--- DATA BLOCK Enclosed Below ---
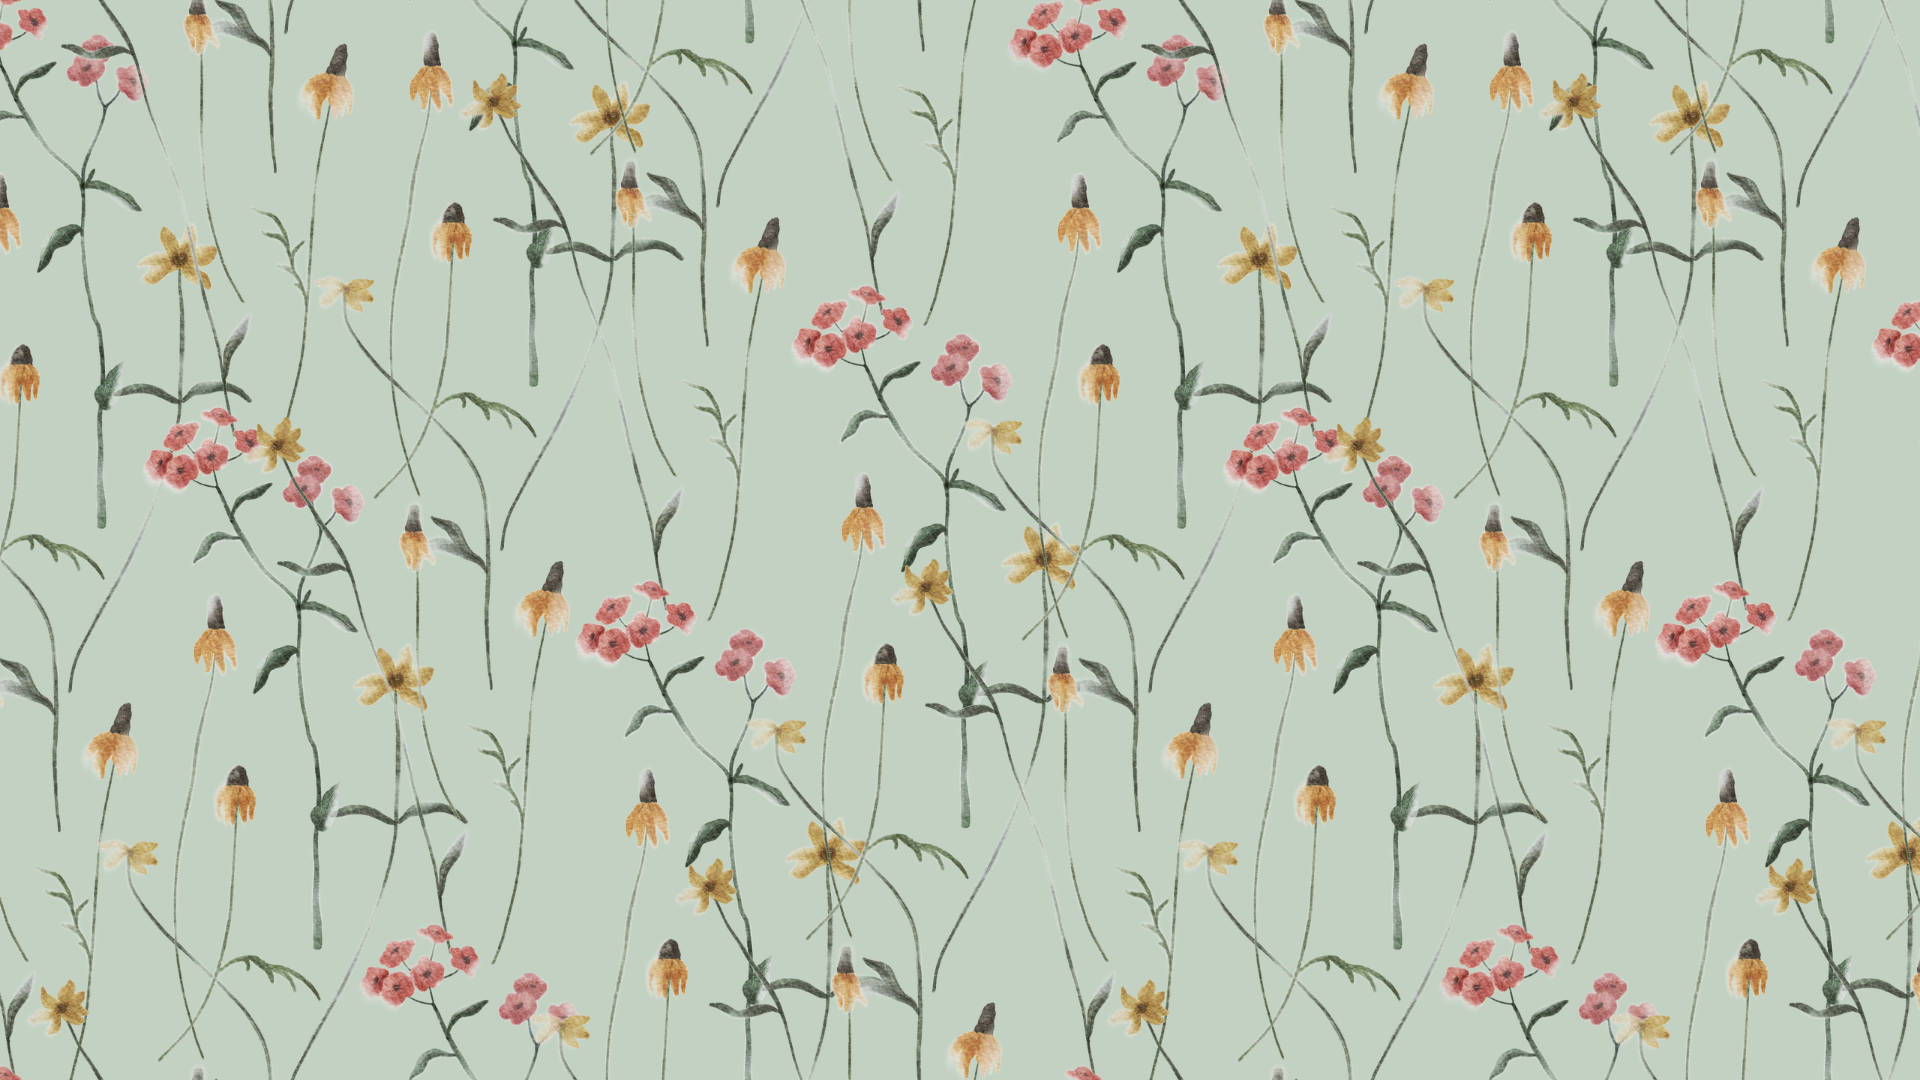 Elegant Flower Sage Green Ink Background Wallpaper Image For Free Download   Pngtree
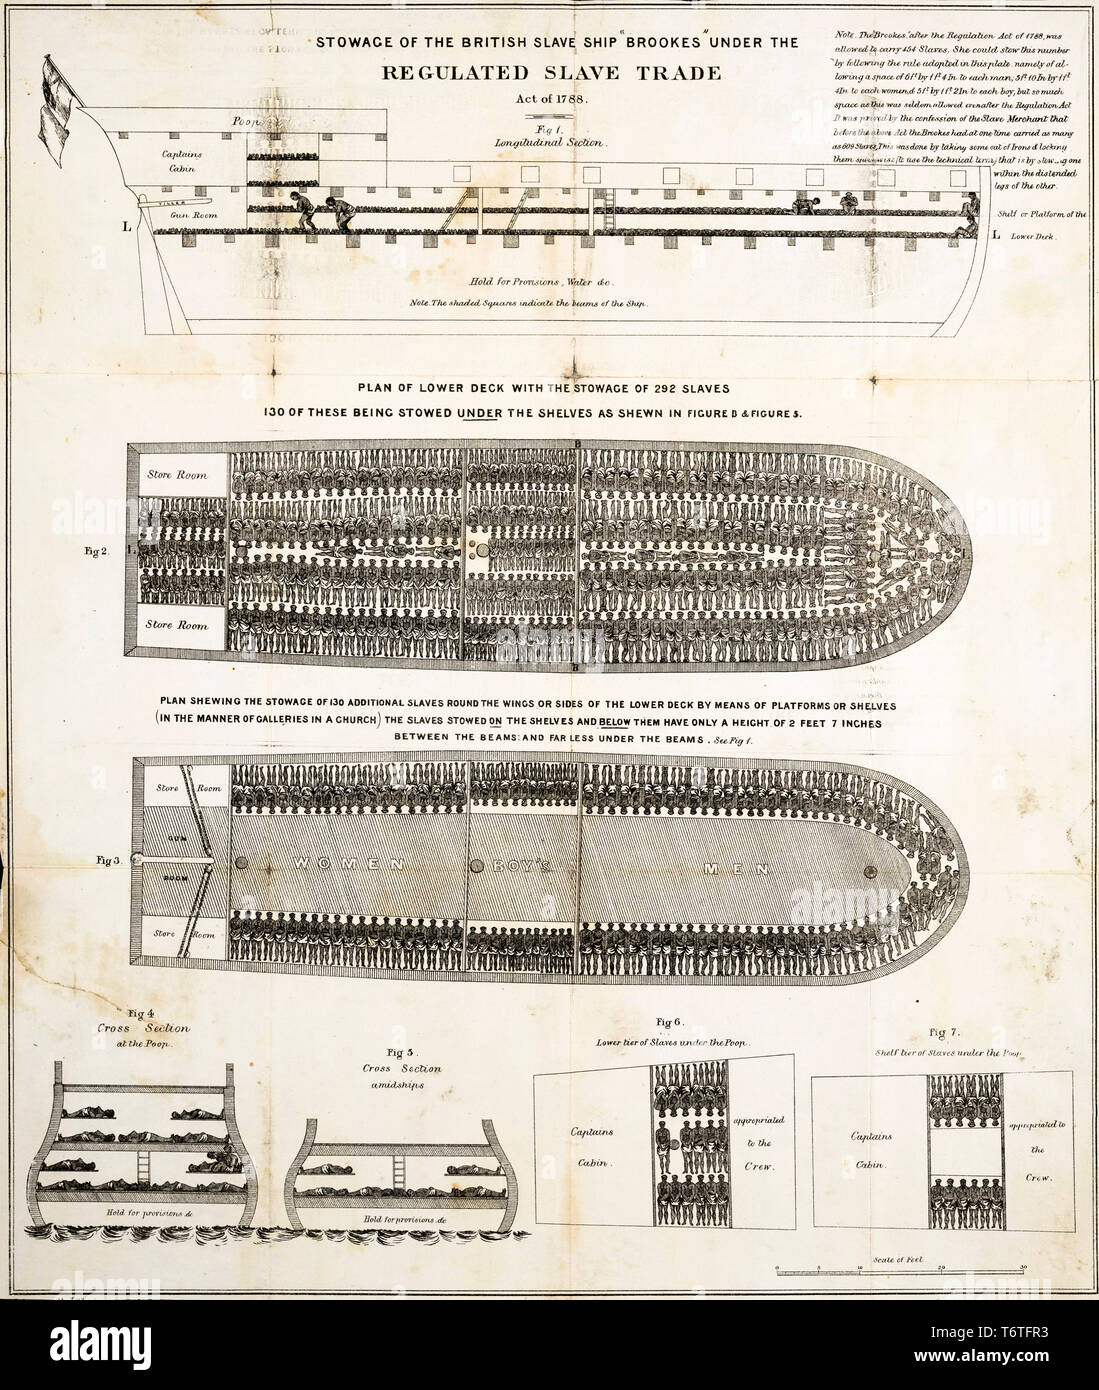 L'arrimage d'esclaves diagramme de la British navire négrier Brookes en vertu de la Loi sur la réglementation des esclaves de 1788, 1788 Banque D'Images
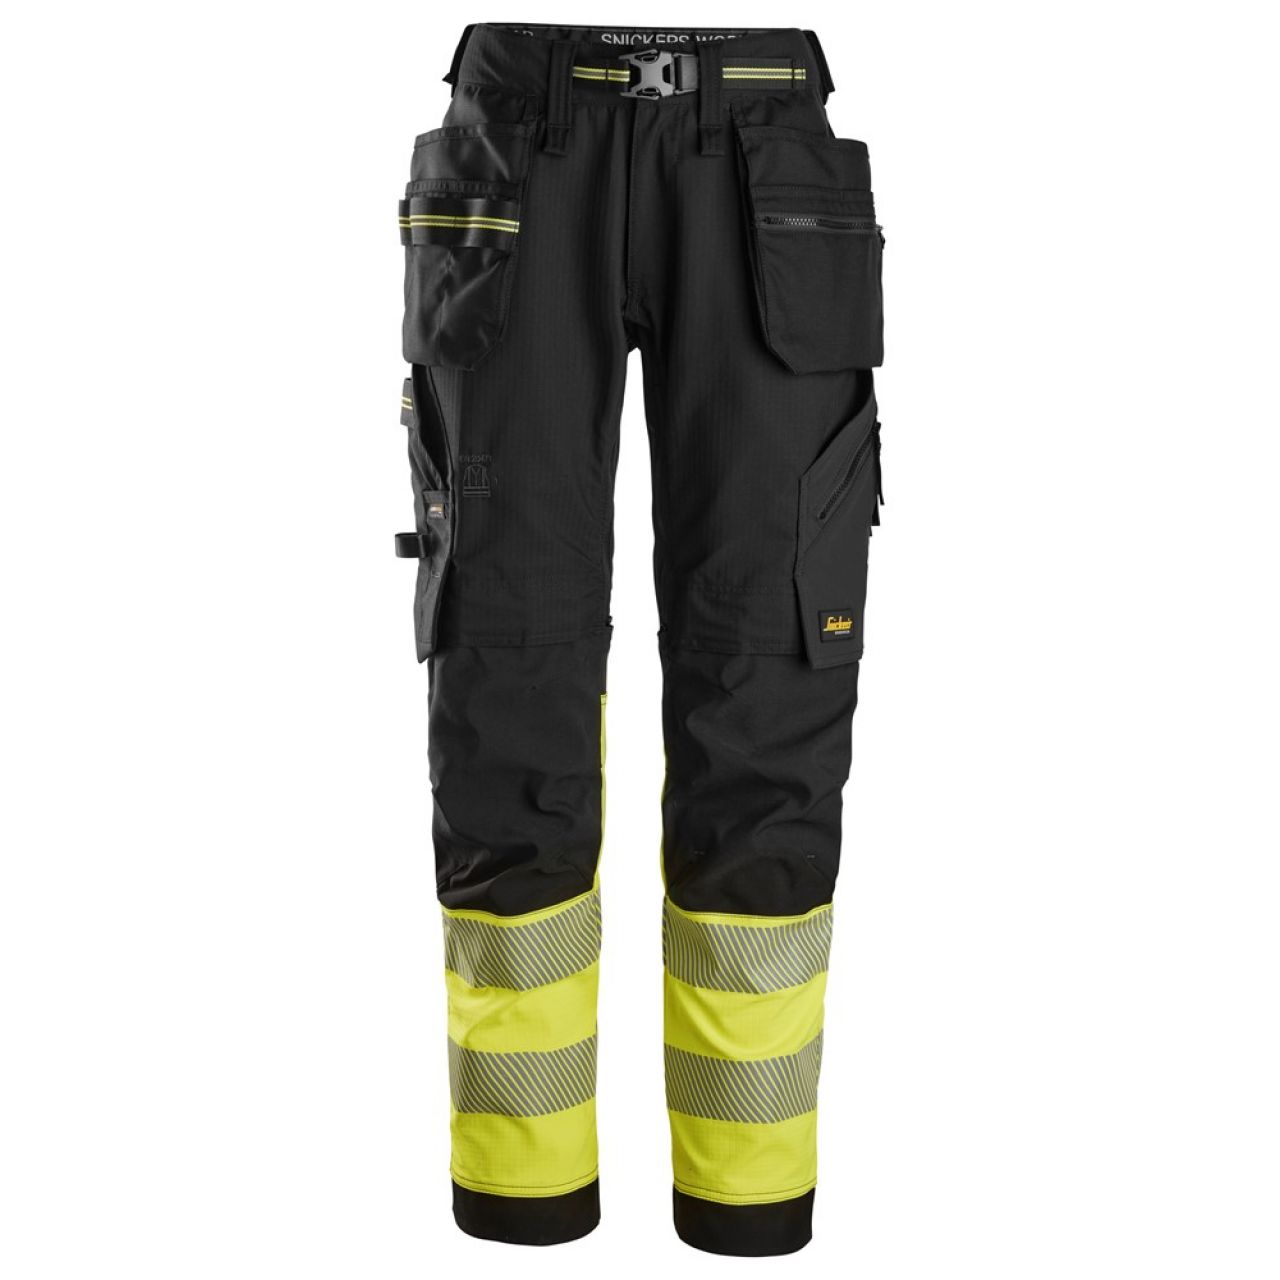 6934 Pantalones largos de trabajo elásticos de alta visibilidad clase 1 con bolsillos flotantes negro-amarillo talla 48
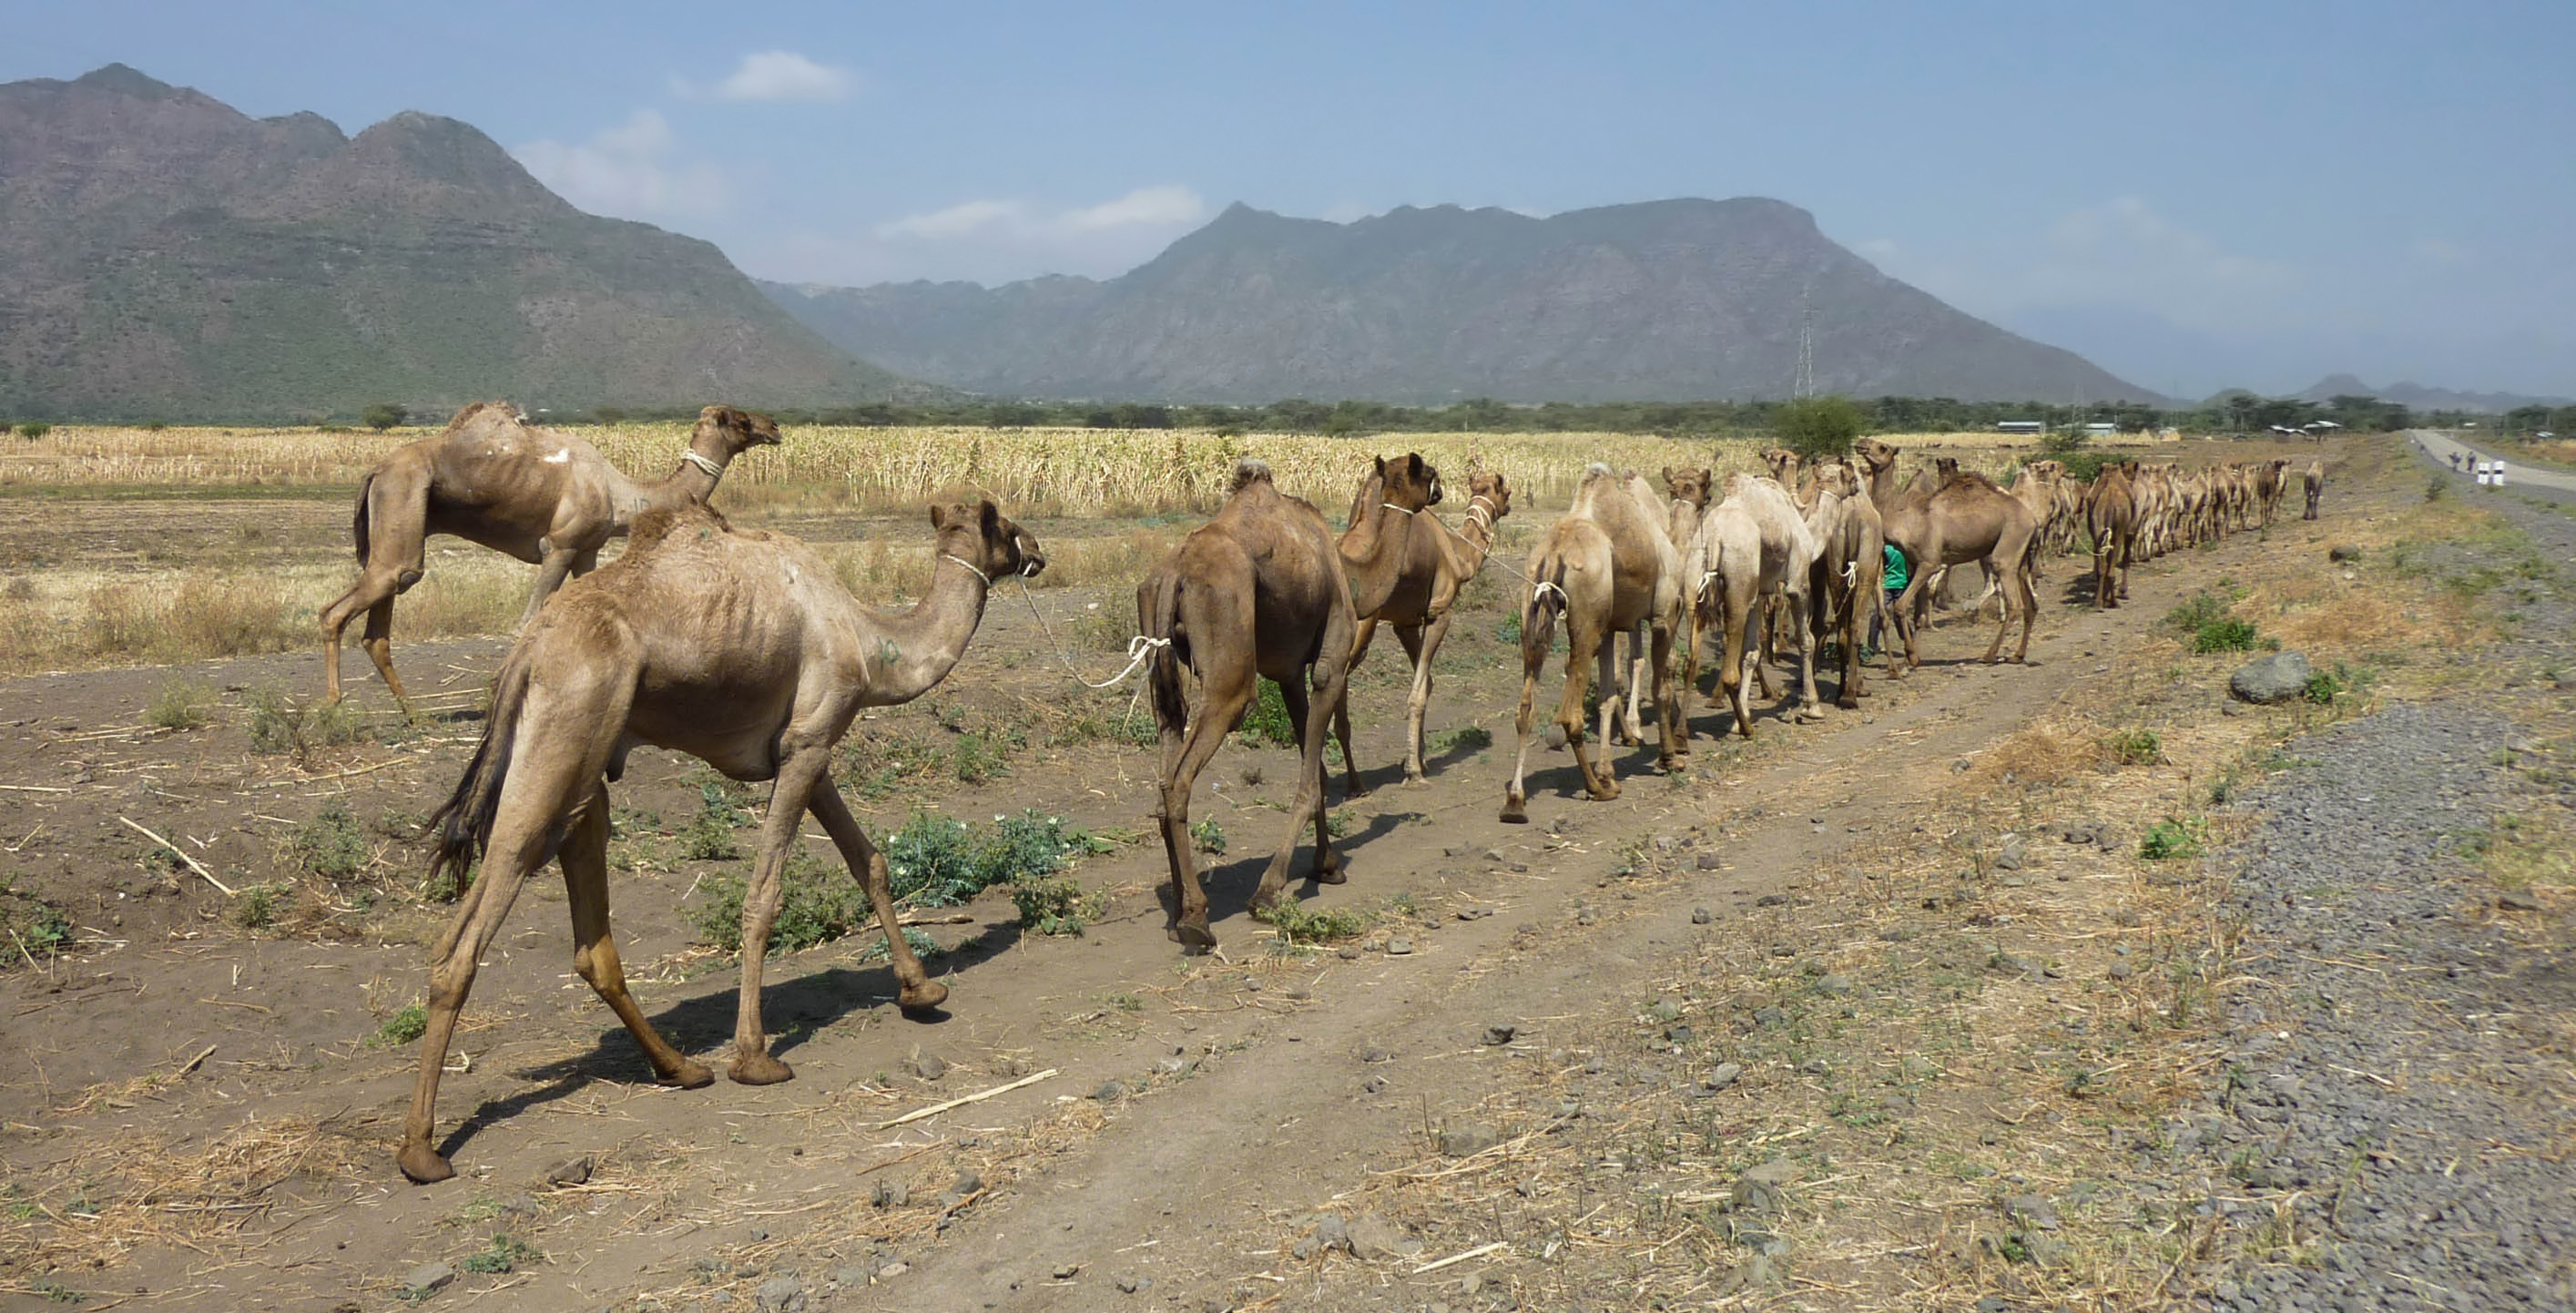 Camels in Ethiopia 02
--- End of Enclosed DATA BLOCK ---
◆ WHAT YOU NEED TO DO ◆
Give back the material above exactly as it appears, minus the pictures.

◆ RESPONSE ◆
 Elegant Flower Sage Green Ink Background Wallpaper Image For Free Download   Pngtree
 L'arrimage d'esclaves diagramme de la British navire négrier Brookes en vertu de la Loi sur la réglementation des esclaves de 1788, 1788 Banque D'Images
 6934 Pantalones largos de trabajo elásticos de alta visibilidad clase 1 con bolsillos flotantes negro-amarillo talla 48
 Camels in Ethiopia 02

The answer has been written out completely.